Defendants request two categories of information in their motion for a bill of particulars: 1) “the names of all alleged co-conspirators (companies and individuals) referenced in the Indictment, including individuals by and through whom the government alleges the companies acted” and 2) “the names of any employees allegedly targeted and/or affected by the alleged conspiracy.” Mot. for Bill of Particulars at 2.

Defendants argue that without this information, the Government has not provided adequate notice of the scope of the conspiracy. Id. Defendants argue that the voluminous (700,000 plus page) discovery in this case, dozens of co-conspirators, nine-year alleged length of the conspiracy, lack of conceivable danger to co-conspirators, and lack of harm to the Government demonstrate that a bill of particulars identifying the co-conspirators is warranted. Id. at 5-9. Additionally, Defendants argue that, for many of the same reasons, the Government should provide a list of the individuals allegedly impacted by the conspiracy. Id. at 9-12. Defendants emphasize that they had requested this information from the Government, but the Government only provided a limited answer and directed Defendants to review the discovery provided. Id.

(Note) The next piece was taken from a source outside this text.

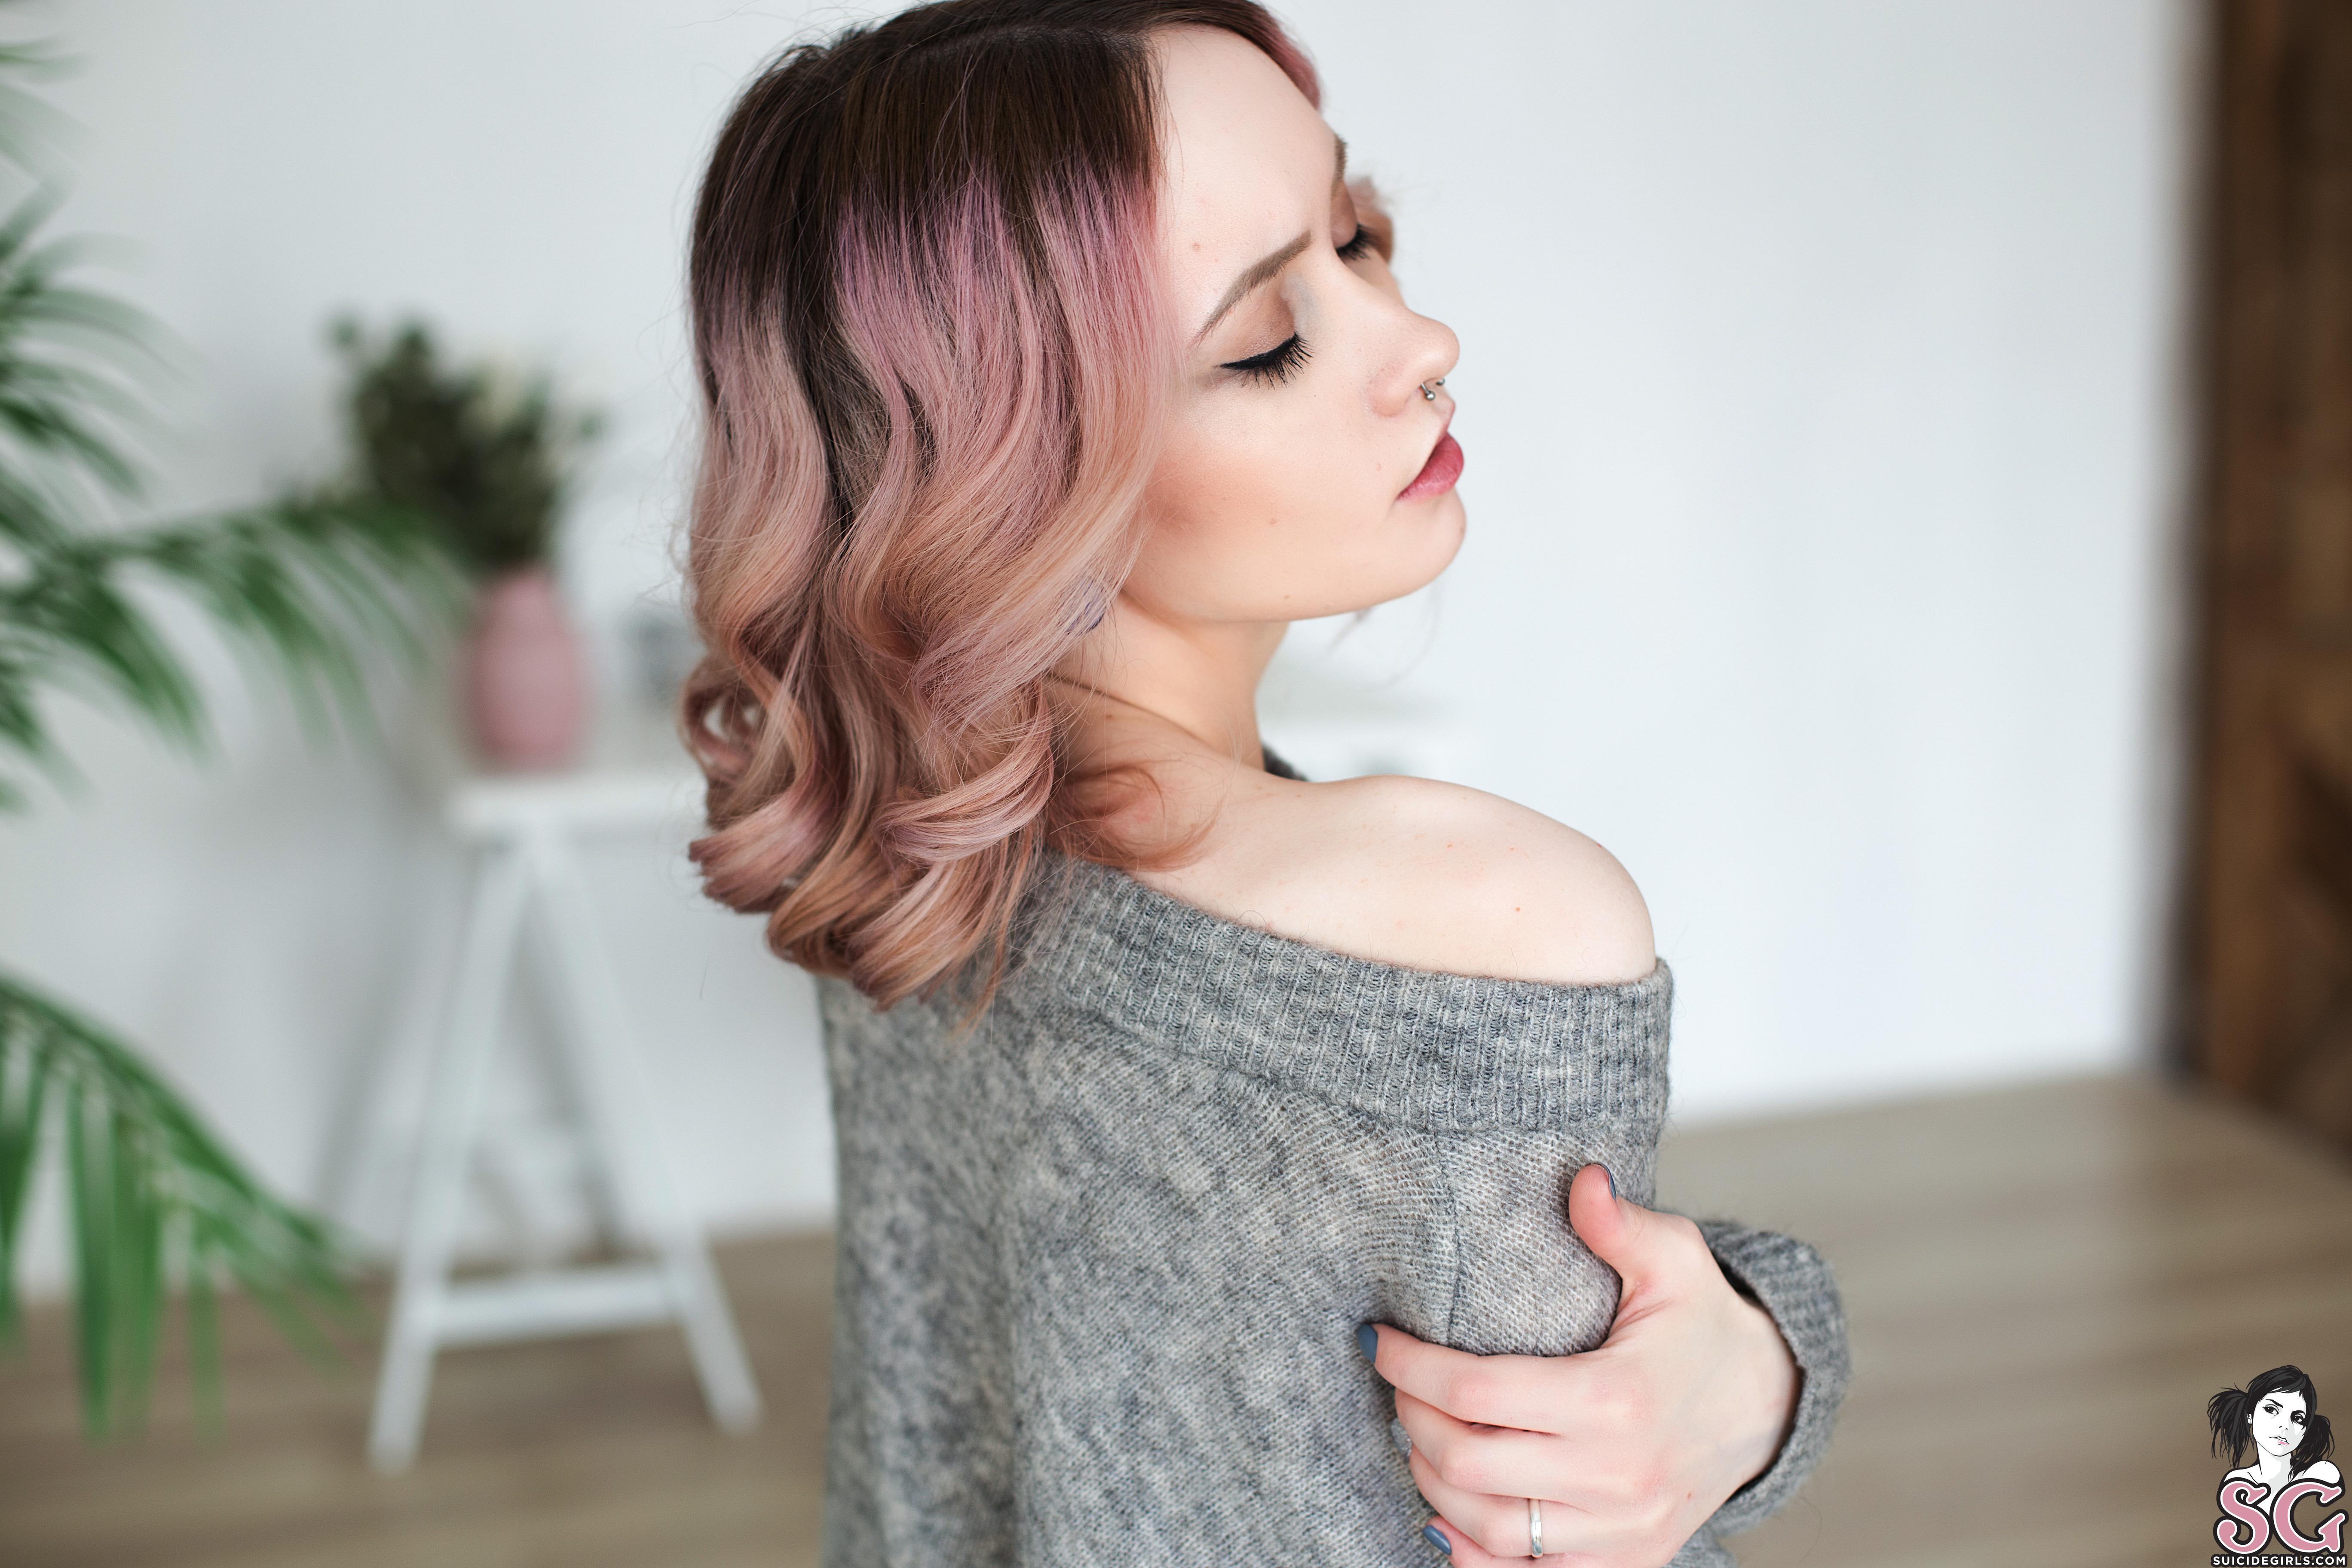 Women Model Dyed Hair Sweater Depth Of Field In Bedroom Plants Pierced Nose 5472x3648

The Government emphasizes that it has produced electronic, text-searchable documents in discovery, as well as indices describing the categories of documents and their corresponding Bates numbers. Opp'n to Mot. for Bill of Particulars at 3-4. The Government argues that requests such as Defendants are routinely denied in conspiracies and the older case law that Defendants rely on is less persuasive in light of developments in discovery, such as electronic, searchable documents. Id. at 6-7, 7 n.4. Additionally, the Government argues that the names of all unindicted co-conspirators are not necessary for Defendants to be on notice of the crime alleged in the Indictment because the Indictment is detailed and Defendants have access to the names of co-conspirators in the discovery already provided. Id. at 8-15. Finally, the Government argues Defendants have not demonstrated a need for the names of all individuals subject to or affected by the alleged conspiracy because the Indictment appropriately identifies the scope of the conspiracy and the Government, in a recent letter response to Defendants, defined what it meant by “other skilled-labor employees.” Id. at 15-18.

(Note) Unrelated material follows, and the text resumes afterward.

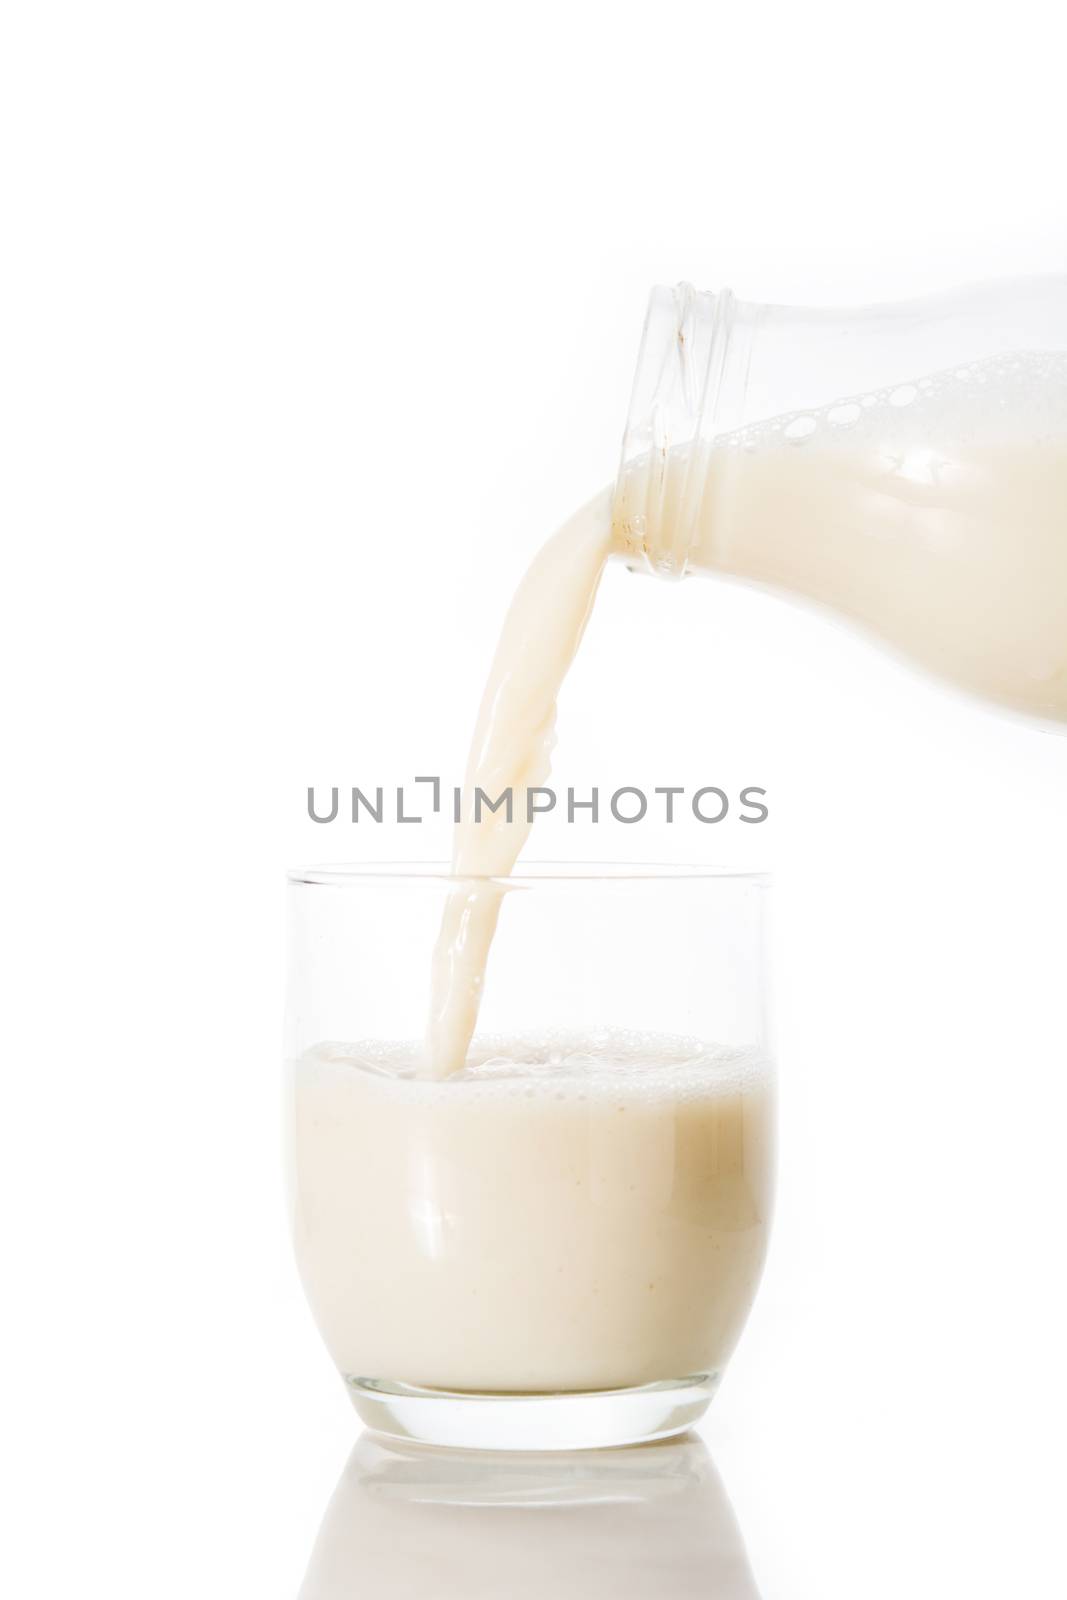 Oats milk in a bottle on wooden table

In their reply, Defendants emphasize that the issue of notice is exacerbated in this case because the alleged start date of the conspiracy precedes the Government's 2016 guidance that publicly stated it would be prosecuting no-poach agreements criminally. Reply in Supp. of Mot. for Bill of Particulars at 1. Defendants argue that the requested information is necessary to understanding the charged conduct because the conspiracy spans nine years and involves individuals at six different companies. Id. at 5. Additionally, Defendants argue that the volume of the Government's discovery weighs in favor of a bill of particulars, despite the fact that it is text searchable, because “nothing in the discovery can possibly identify who the government contends was a co-conspirator.” Id. at 6. Defendants emphasize that knowing the “general outline of the alleged conspiracy” is not helpful because it is impossible to search the voluminous discovery for information related to “routing business functions such as hiring and recruiting.” Id.

The Court disagrees.

A bill of particulars identifying unindicted co-conspirators can be ordered in cases where the Government provides voluminous examples of potentially legal or illegal conduct but fails to provide enough detail in the Indictment or elsewhere for the defendants to properly “prepare for trial” and “avoid surprise.” See United States v. Nachamie, 91 F.Supp.2d 565, 572-74 (S.D.N.Y. 2000). “While the sheer volume of discovery can be a basis for granting a motion for a bill of particulars, that need is obviated if there is sufficient time for the defendant to review the materials and when the Government has produced its discovery in an organized manner.” United States v. Rogas, 547 F.Supp.3d 357, 366 (S.D.N.Y. 2021) (citing United States v. Wey, No. 15-cr-311, 2017 WL 237651, at *21 (S.D.N.Y. Jan. 18, 2017) (collecting cases)).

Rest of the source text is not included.